Security guards had arrested Rizwan on the spot. Police said the suspect had used a hammer to inflict damage on the statue.
India slammed the act of vandalism, saying Pakistan has completely failed in its duty to prevent such attacks which are creating a “climate of fear” among the minority communities.
India’s External Affairs Ministry Spokesperson Arindam Bagchi said incidents of violence against minority communities, including attacks on their places of worship, their cultural heritage, as well as their private property, were increasing at an “alarming rate” in Pakistan.
“We have seen disturbing reports in the media about the vandalisation of the statue of Maharaja Ranjit Singh in Lahore today. This is the third such incident wherein the statue has been vandalised, since it was unveiled in 2019,” Bagchi said.
“Such attacks on the cultural heritage of minority communities in Pakistan highlight the growing intolerance and lack of respect for minority communities in Pakistani society,” he said.

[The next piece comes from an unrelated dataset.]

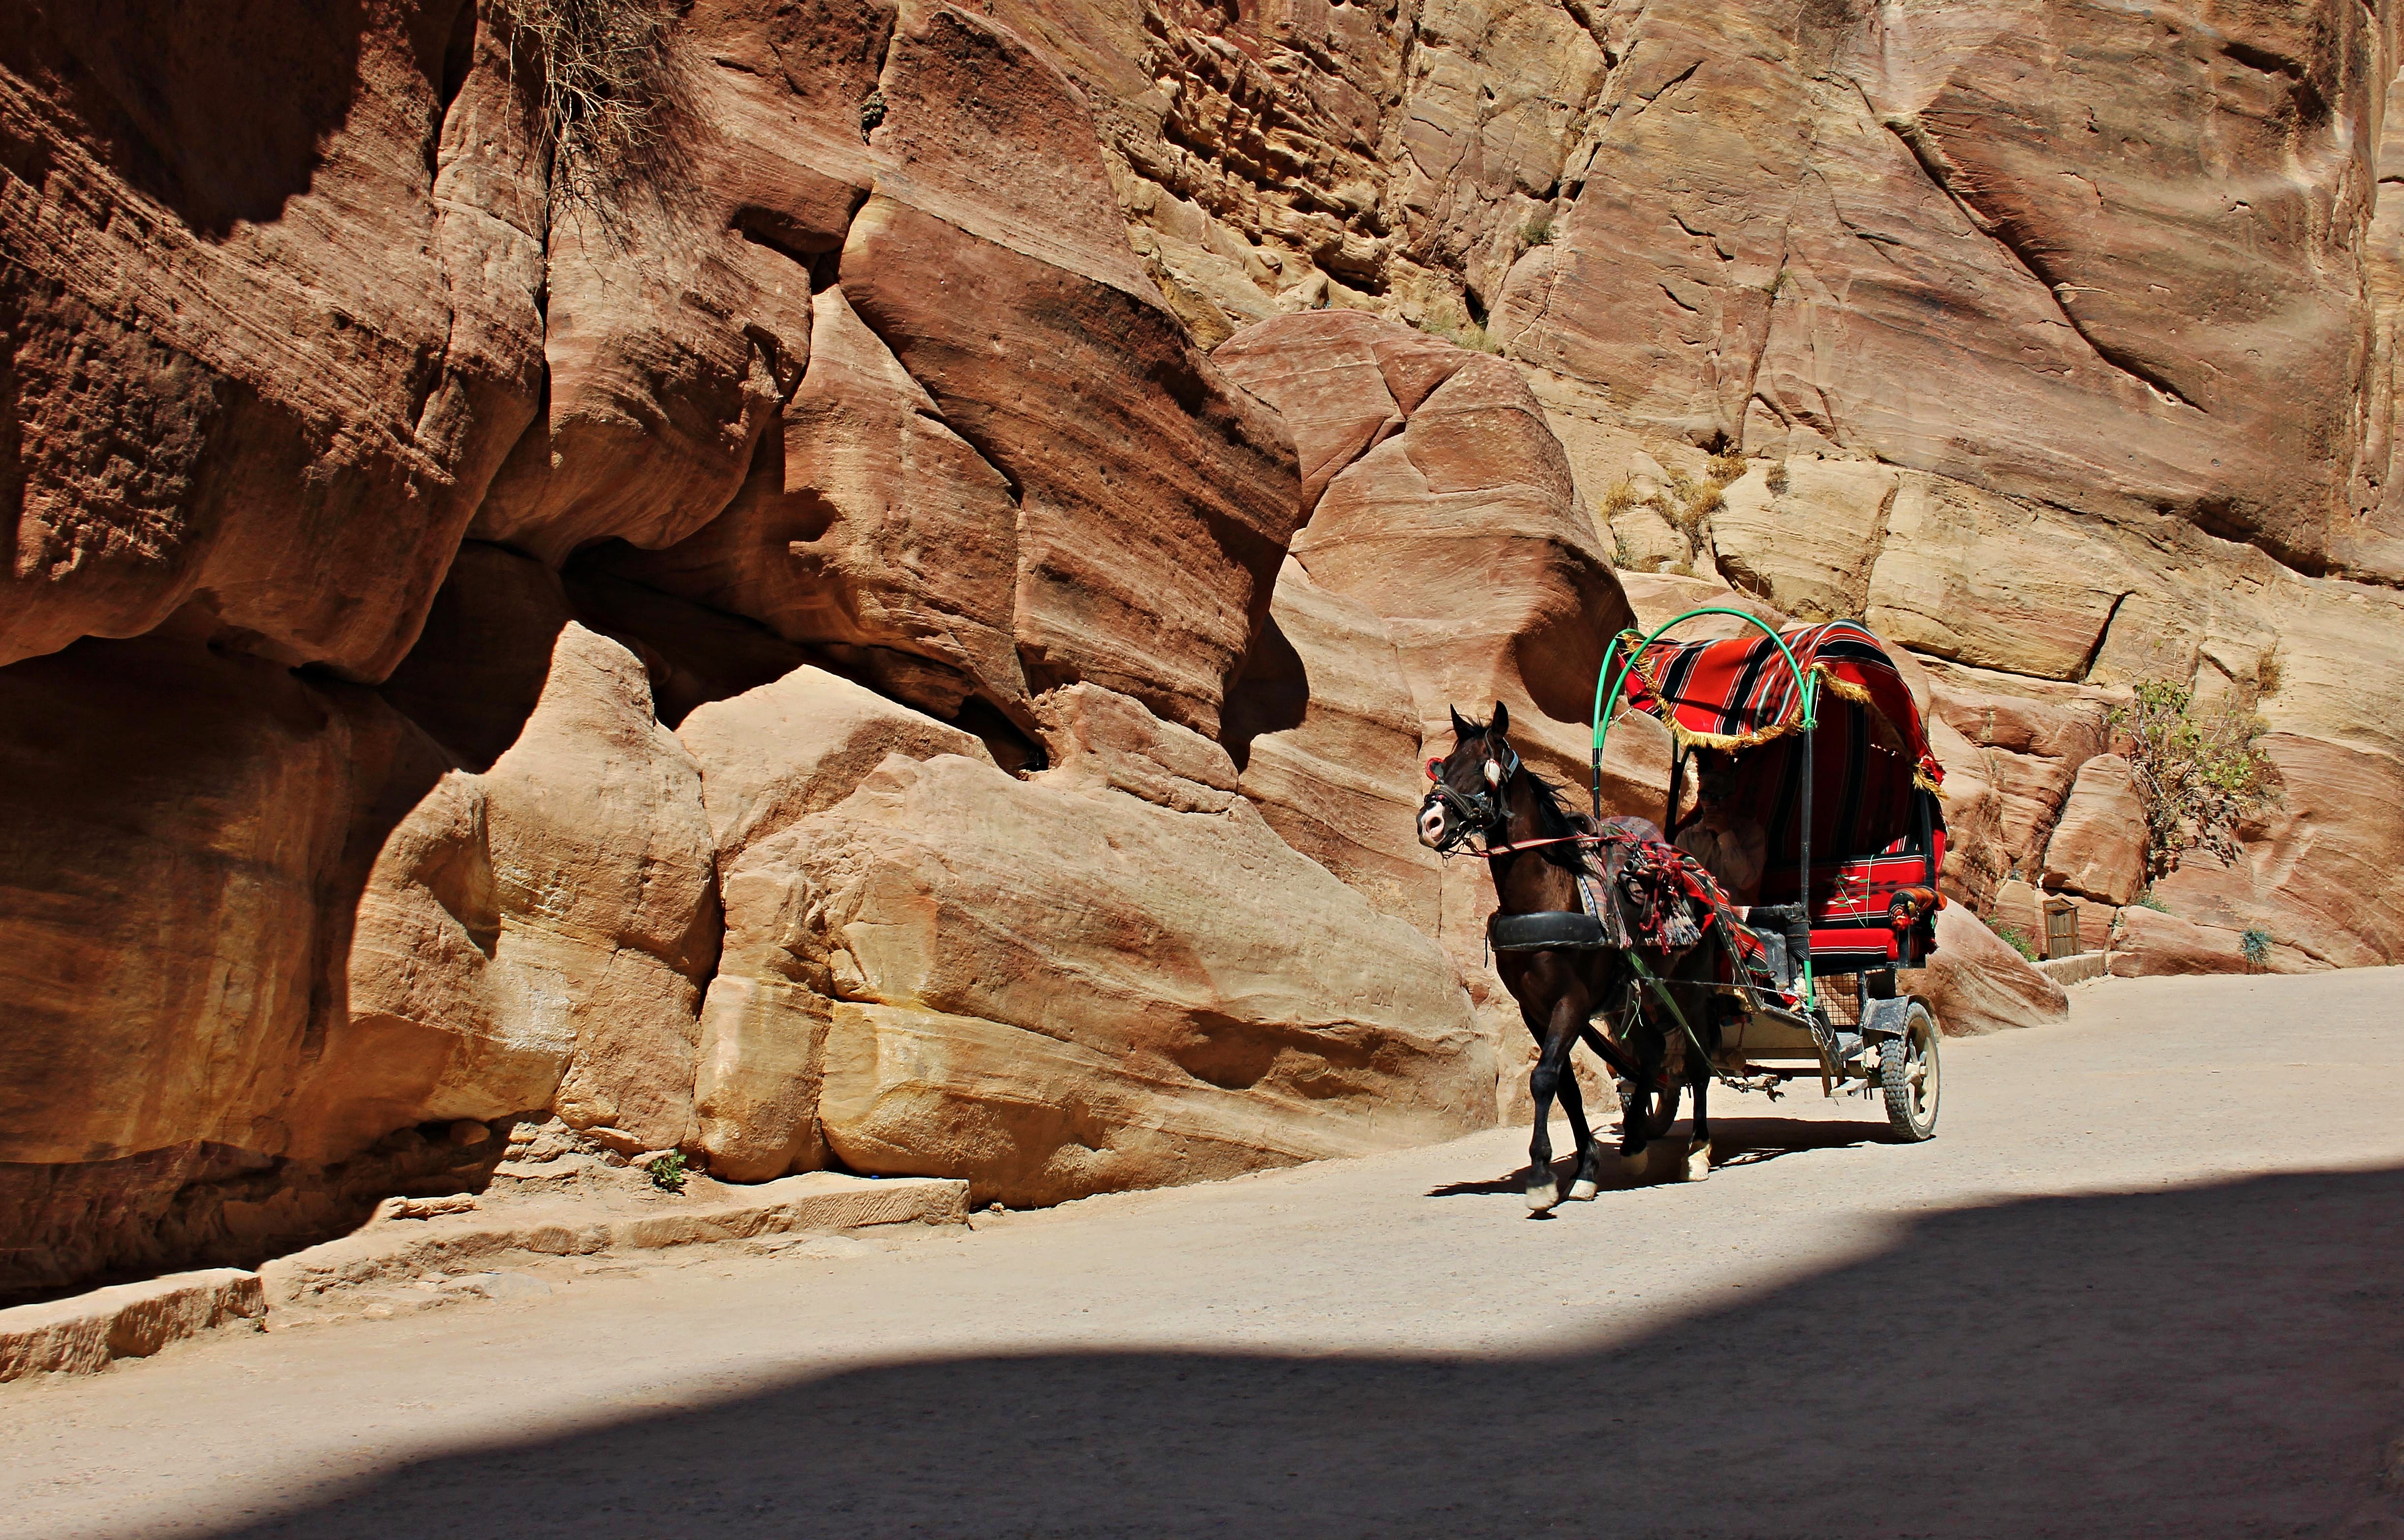 Chariot in Petra, Siq

Punjab Chief Minister Usman Buzdar has ordered restoration of the statue to its original form.
The Lahore Fort administration had beefed up security following the previous two attacks, but the TLP worker managed to vandalise the statue in the presence of the security guards who later overpowered him.

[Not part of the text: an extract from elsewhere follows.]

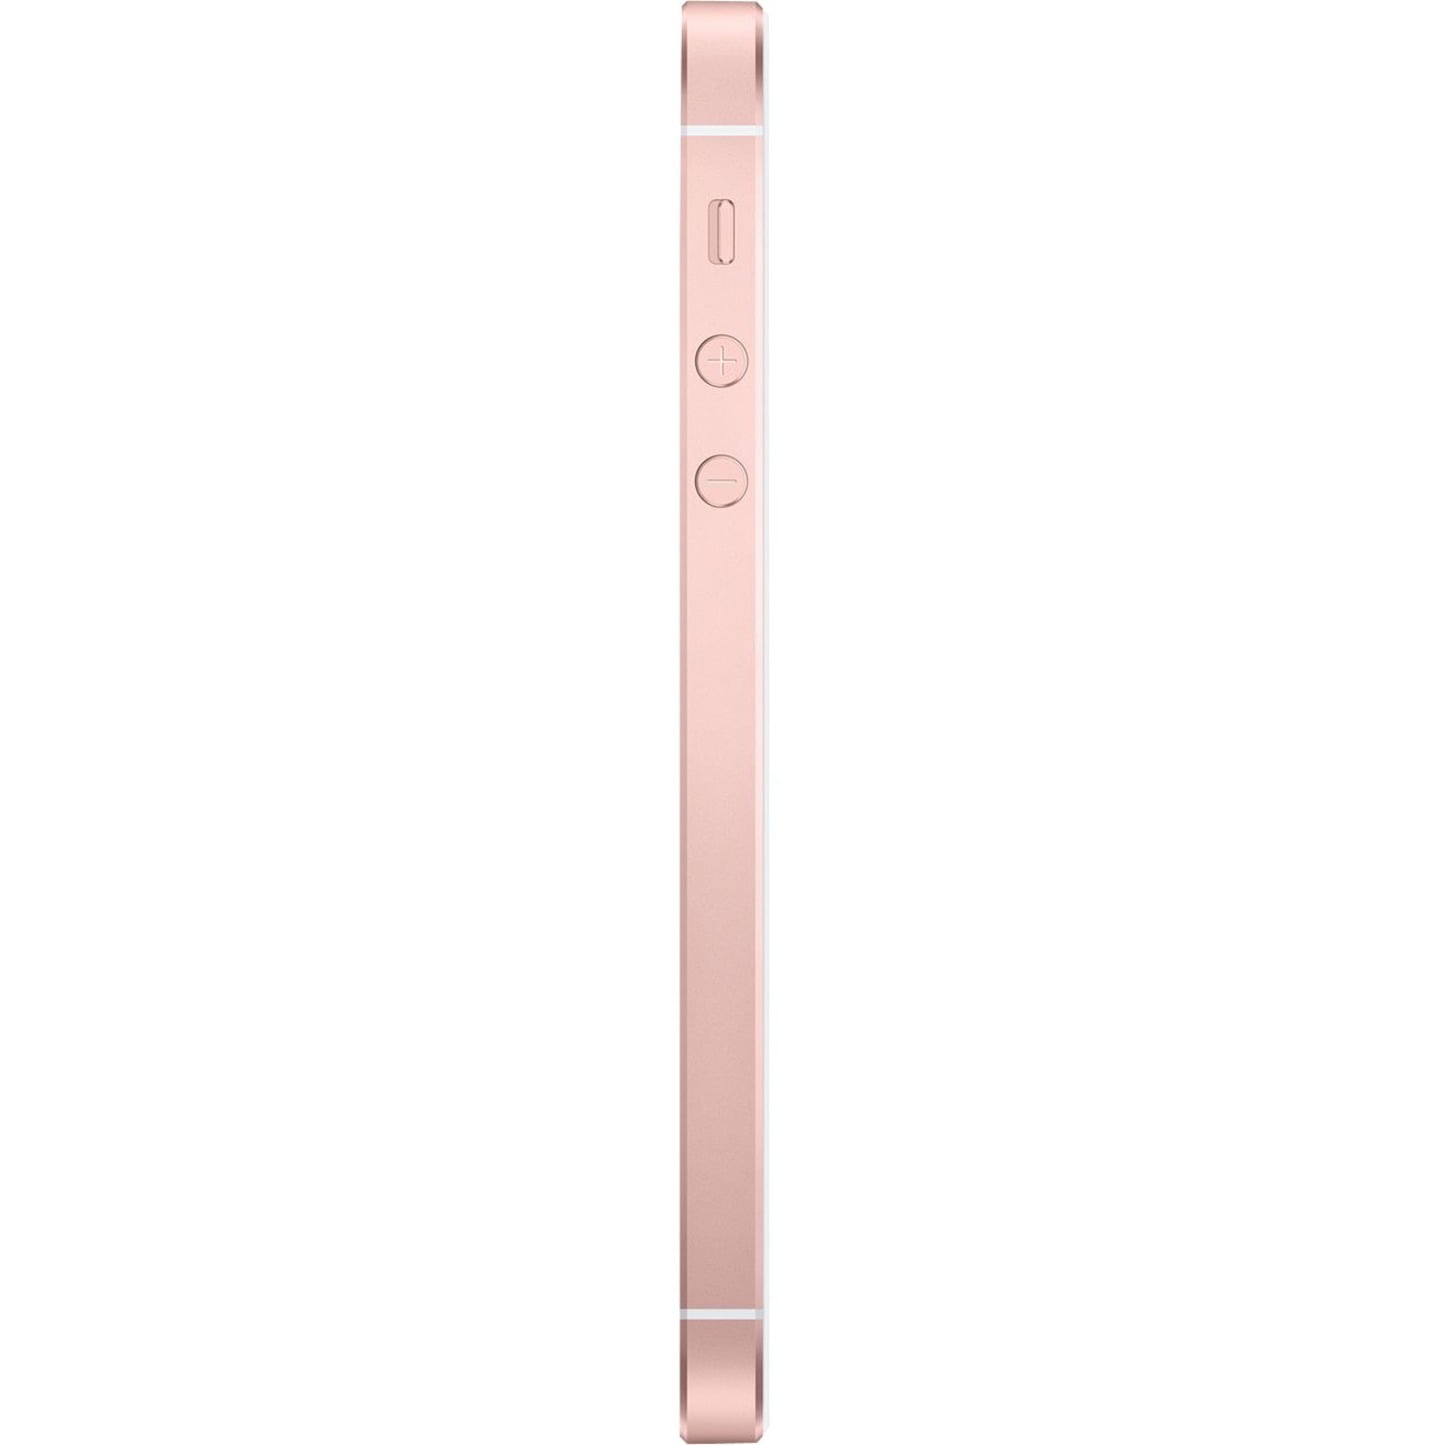 Restored Apple iPhone SE 32GB, Rose Gold - Locked T-Mobile (Refurbished)

In June 2019, Ranjit Singh’s statue was unveiled in a colourful ceremony in which several Sikh delegates from India, Pakistan and other countries had participated.
The event was organised by Bobby Singh Bansal, from the UK, in collaboration with the Walled City of Lahore Authority.
The statue, made of cold bronze, shows the regal Sikh emperor sitting on a horse, sword in hand, complete in Sikh attire.
Sculpted by local artists, under the aegis of the Fakir Khana Museum, the statue is meant to invoke the feeling of the emperor being present, with its real-life proportions, and was unveiled on his 180th death anniversary. Ranjit Singh passed away in 1839.
“The project was meant to commemorate the 180th death anniversary of Maharaja Ranjit Singh and to forge a lasting friendship amongst the people of Punjab,” Bansal had said.
His organisation SK Foundation UK commissioned the statue in 2016. “We donated it to the people of Pakistan to promote Sikh heritage and tourism here,” he had said.